Эта помешанность собирателя сокровищ, тем не менее, не является чем-то, что просто исчезает с ростом «нормального» капитализма или его патологическим отклонением. Скорее, она внутренне присуща ему: собиратель сокровищ становится триумфатором во время экономического кризиса. Во время кризиса не деньги – как можно было бы ожидать – лишаются своей стоимости, а мы узнаем «реальную» стоимость товаров; сами товары (олицетворение «реальной /потребительной/ стоимости») становятся бесполезными, поскольку их некому покупать.

… деньги внезапно и непосредственно превращаются из чисто идеального образа счетных денег в звонкую монету. Теперь они уже не могут быть замещены обыденным товаром. Потребительная стоимость товара теряет свое значение, а стоимость товара исчезает. Еще вчера буржуа, опьяненный расцветом промышленности, рассматривал деньги сквозь призму просветительской философии и объявлял их пустой видимостью: «Только товар деньги». «Только деньги товар!» — вопят сегодня те же самые буржуа во всех концах мирового рынка. <...> Во время кризиса противоположность между товаром и образом его стоимости, деньгами, вырастает в абсолютное противоречие.
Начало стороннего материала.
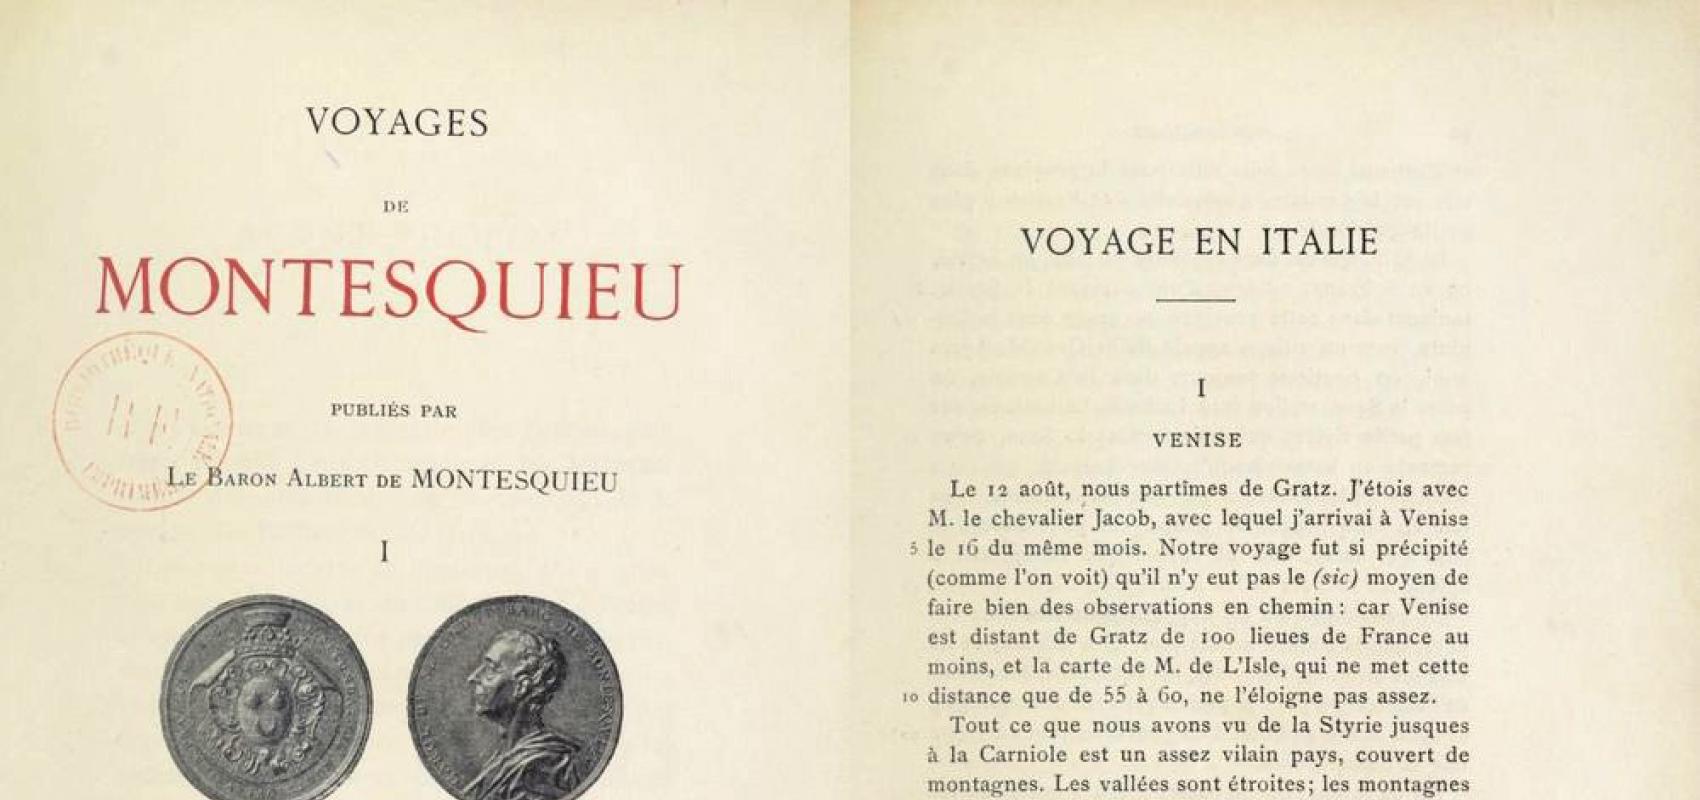 Voyages de Montesquieu, tome 1, publiés par le baron Albert de Montesquieu, 1894-1896 -  - BnF, département Philosophie, histoire, sciences de l'homme
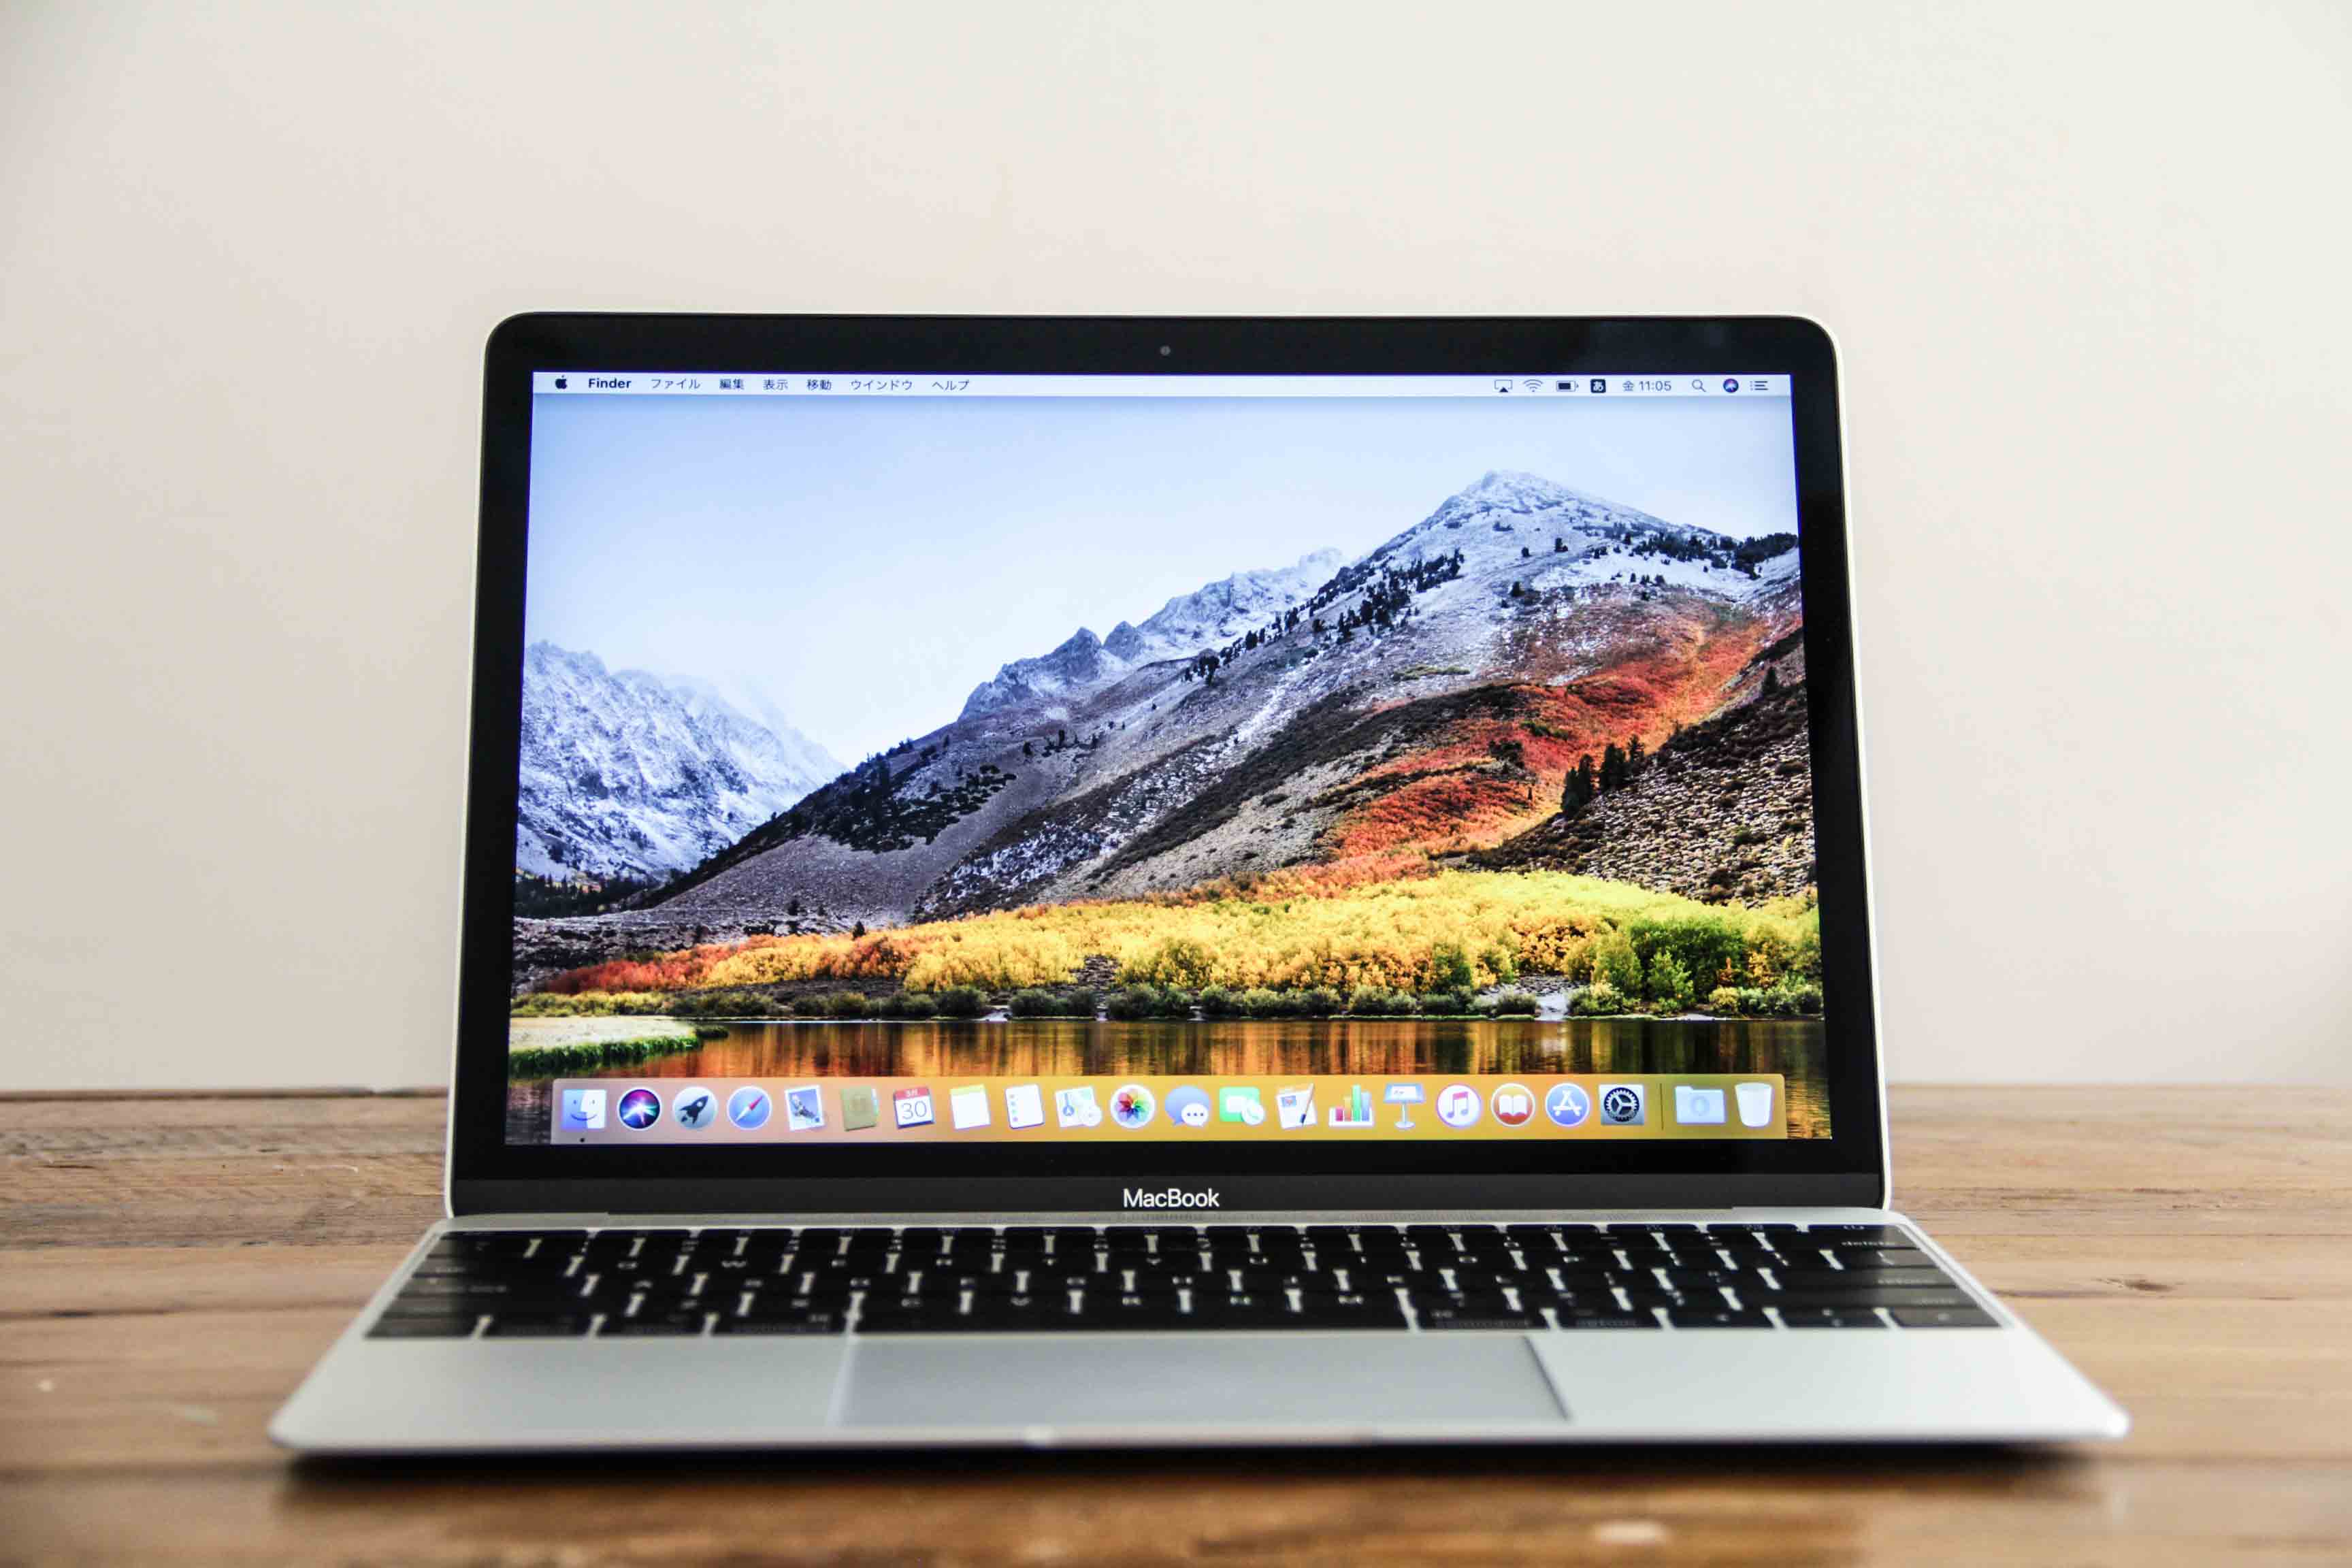 MacBook 12インチ 16GBモデル レビュー! 購入(価格) と使用感は?

Здесь важно то, что возводя деньги в ранг единственного подлинного товара («капиталист знает, что всякие товары, какими бы оборвышами они ни выглядели, как бы скверно они ни пахли, суть деньги в духе и истине, евреи внутреннего обрезания»), Маркс прибегает к данному апостолом Павлом идеальному определению христиан как «евреев внутреннего обрезания»: христиане не нуждаются в действительном внешнем обрезании (то есть в отказе от обычных товаров с их потребительными стоимостями и фиксации исключительно на деньгах), поскольку они знают, что все эти обычные товары уже «внутренне обрезаны», что истинная их сущность -деньги. Еще более важно здесь то, что Маркс описывает превращение денег в капитал в чисто гегельянских терминах превращения субстанции в субъект:

Однако на самом деле стоимость становится здесь субъектом некоторого процесса, в котором она, постоянно меняя денежную форму на товарную и обратно, сама изменяет свою величину, отталкивает себя как прибавочную стоимость от себя самой как первоначальной стоимости, самовозрастает. Ибо движение, в котором она присоединяет к себе прибавочную стоимость, есть ее собственное движение, следовательно, ее возрастание есть самовозрастание. Она получила магическую способность творить стоимость в силу того, что сама она есть стоимость. Она порождает живых детенышей или, по крайней мере, кладет золотые яйца.

Если в простом обращении стоимость товаров в противовес их потребительной стоимости получала в лучшем случае самостоятельную форму денег, то здесь она внезапно выступает как саморазвивающаяся, как самодвижущаяся субстанция, для которой товары и деньги суть только формы. Более того. Вместо того чтобы выражать собою отношение товаров, она теперь вступает, так сказать, в частное отношение к самой себе. Она отличает себя как первоначальную стоимость от себя самой как прибавочной стоимости, подобно тому как бог-отец отличается от самого себя как бога-сына, хотя оба они одного возраста и в действительности составляют лишь одно лицо. Ибо лишь благодаря прибавочной стоимости в 10 ф. ст. авансированные 100 ф. ст. становятся капиталом, и, как только они стали им, как только родился сын, а через сына и отец, тотчас снова исчезает их различие, и оба они едино суть: 110 фунтов стерлингов.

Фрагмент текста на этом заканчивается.